General information
- Type: Light aircraft
- National origin: United States
- Manufacturer: Cessna
- Number built: 1

History
- First flight: April 22, 1968^{[citation needed]}

= Cessna 187 =

American light aircraft prototype

The Cessna 187 was a prototype light aircraft built by American manufacturer Cessna in the late 1960s. As the newer Model 177 had been intended to replace the 172, so the 187 was intended to replace the 182.

==Design==
The Model 187 shape was similar to the 177, with a high cantilever wing similar to that of the Model 210, an all-moving tailplane, and tubular main landing gear struts. The 187's stabilator was mounted atop the vertical tail in a T-tail configuration, though a conventional configuration was also tested.

Cabin doors on the 187 resembled the wide doors of the 177, and since there was no wing strut to impede its movement, the door opened to more than 90°. The windshield was more highly sloped than that of the 182, similar to the deep slope of the 177 windshield. The aft fuselage included a rear window with slope similar to that of the 177. There was room for four people, and a baggage area, with a separate access door on the pilot's (left) side. The 187 was powered by a single Continental O-470-R which delivered 230 hp.

==Development==
===Prototype stage===
The program entered initial design as the Model 343 in 1965, before the Model 177 had been officially introduced. The Model 343 was renamed to Model 187 in 1968 after its intended powerplant was changed from the 240 hp Continental GIO-336 to the Continental O-470. Construction of the first prototype began in early 1968. Only one flying aircraft, with serial number 666 and tail number N7167C, was completed. Static test articles were also constructed, but were not tested to their full strength before the program was canceled.

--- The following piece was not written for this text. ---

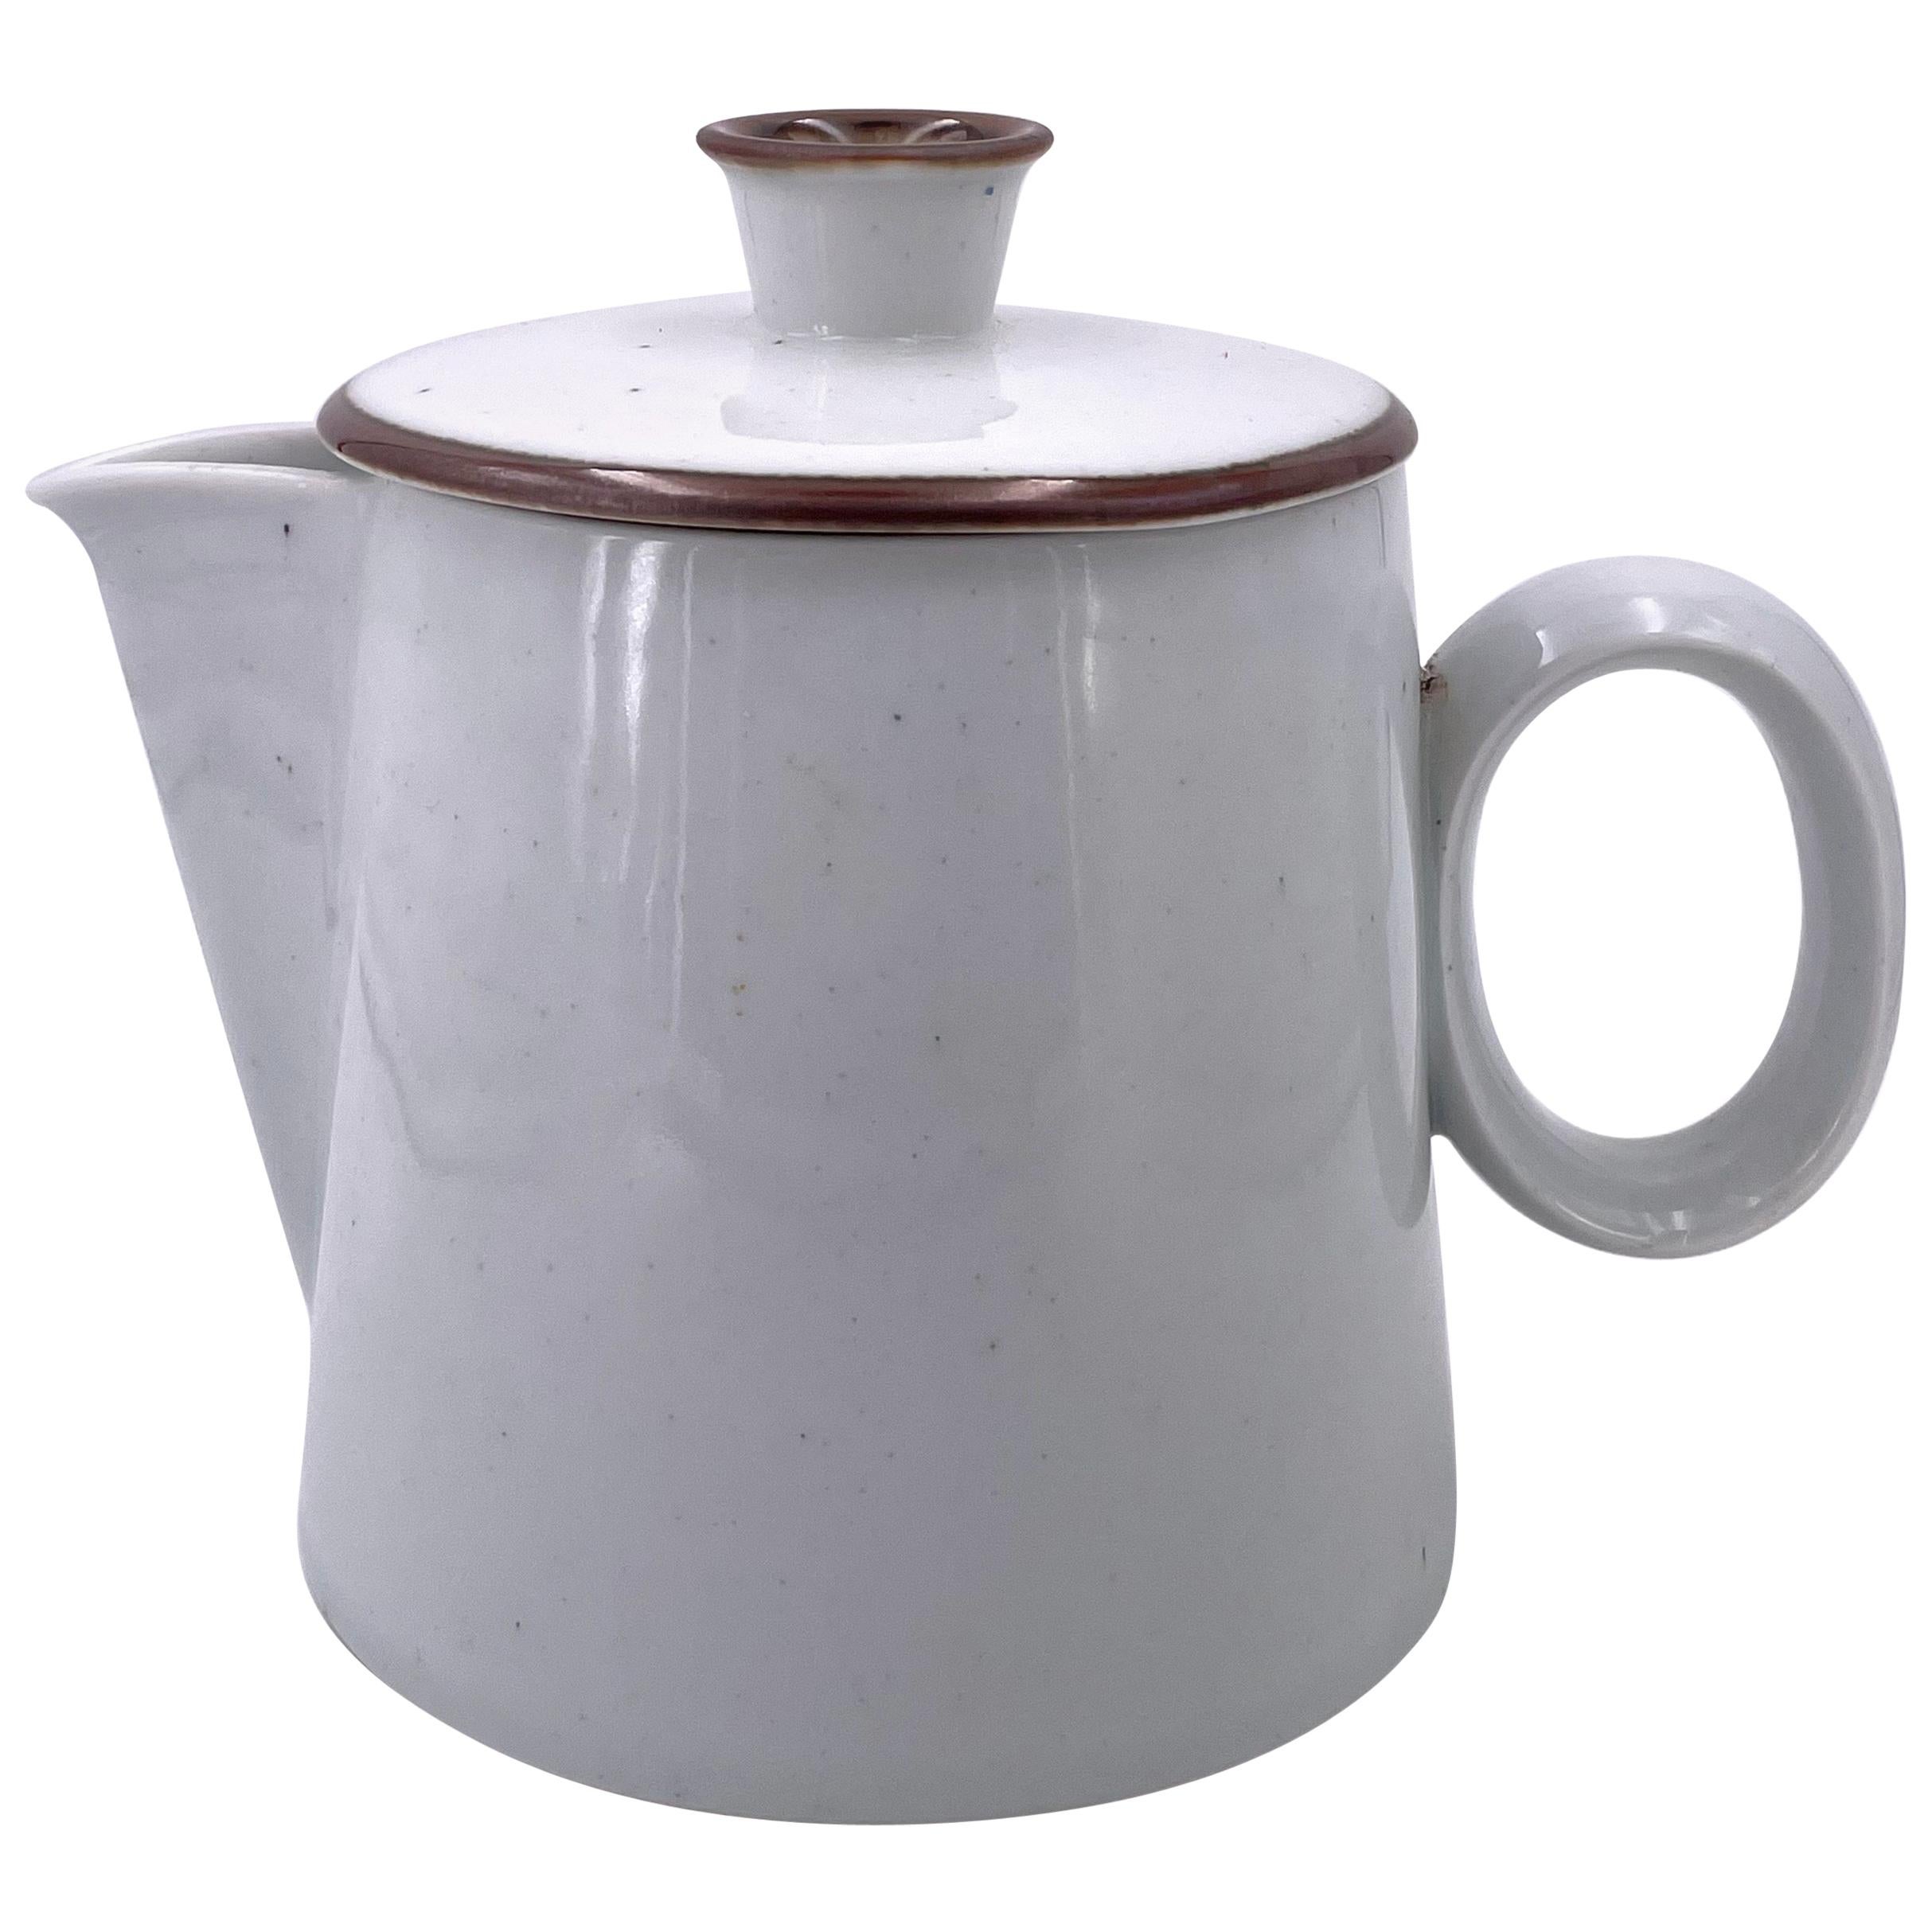 https://a.1stdibscdn.com/rare-white-porcelain-coffee-pot-by-dansk-designs-denmark-for-sale/1121189/f_227277521614700959168/22727752_master.jpg

First flight was on 22 April 1968.

===Program cancellation===
There were a few problems during flight testing, such as blanking and partial stalling of the stabilator during stalls, an empty weight greater than that of the airplane it was intended to replace, and nose heaviness. However, the greatest obstacle to the program's acceptance was that the more complex wing's manufacturing cost would have pushed the aircraft price out of the acceptable marketing niche. The program was ultimately canceled after flight testing showed no significant improvements over the Model 182.